James Earl Carter, Jr., 39th president of the United States, died last weekend at a hundred years of age (October 1, 1924 – December 29, 2024). Though he served one term in office from 1977 to 1981, he is best known for his charitable work after leaving Washington. Though his post-presidential projects were wide-ranging, he is popularly remembered for building houses for the poor.

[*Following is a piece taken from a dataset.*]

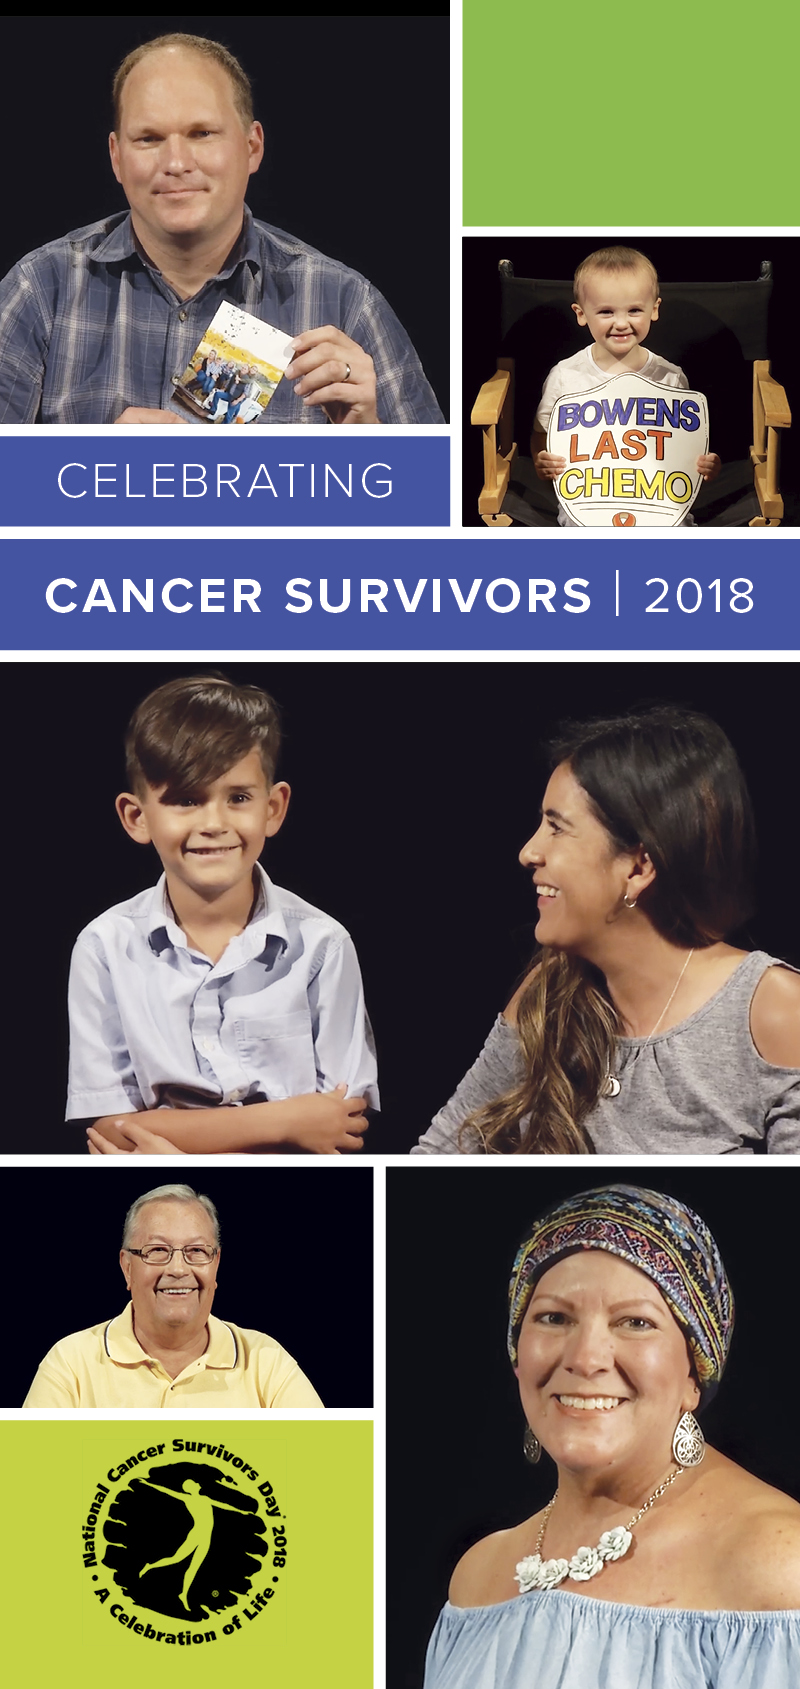 Celebrating Cancer Survivors 2018 collage

The memorials have of course been ubiquitous. Here is a handful of notices:
- Jimmy Carter, 39th US president and noted humanitarian, has died — Susan Page
- Jimmy Carter, Peacemaking President Amid Crises — Peter Baker and Roy Reed
- Jimmy Carter, ‘The Great Deregulator,’ 1924 – 2024 — Nick Gillespie
- RIP Jimmy Carter, the ‘Passionless’ President — Gene Healy
- Jimmy Carter’s Gift to Hollywood Was No Gift to Georgia Taxpayers — Joe Lancaster
- Jimmy Carter Supported Federal Pot Decriminalization for Half a Century. It Still Has Not Happened. — Jacob Sullum
- Sic Transit Gloria Jimmy — Timothy Virkkala
- Jimmy Carter Was the Most Successful Conservative President of the Last Five Decades — Paul Matzko
2 replies on “Centenarian Carpenter”
Let’s not forget that Carter re-instituted the requirement that American males register for the military draft with the Selective Service System. It’s funny how many “freedom-loving” sites are fawning all over Carter now, but glossing over the fact that his policies continue to enslave half of Americans.
Great point. I should have mentioned that in my piece, linked here. But I escaped having to register by less than a month!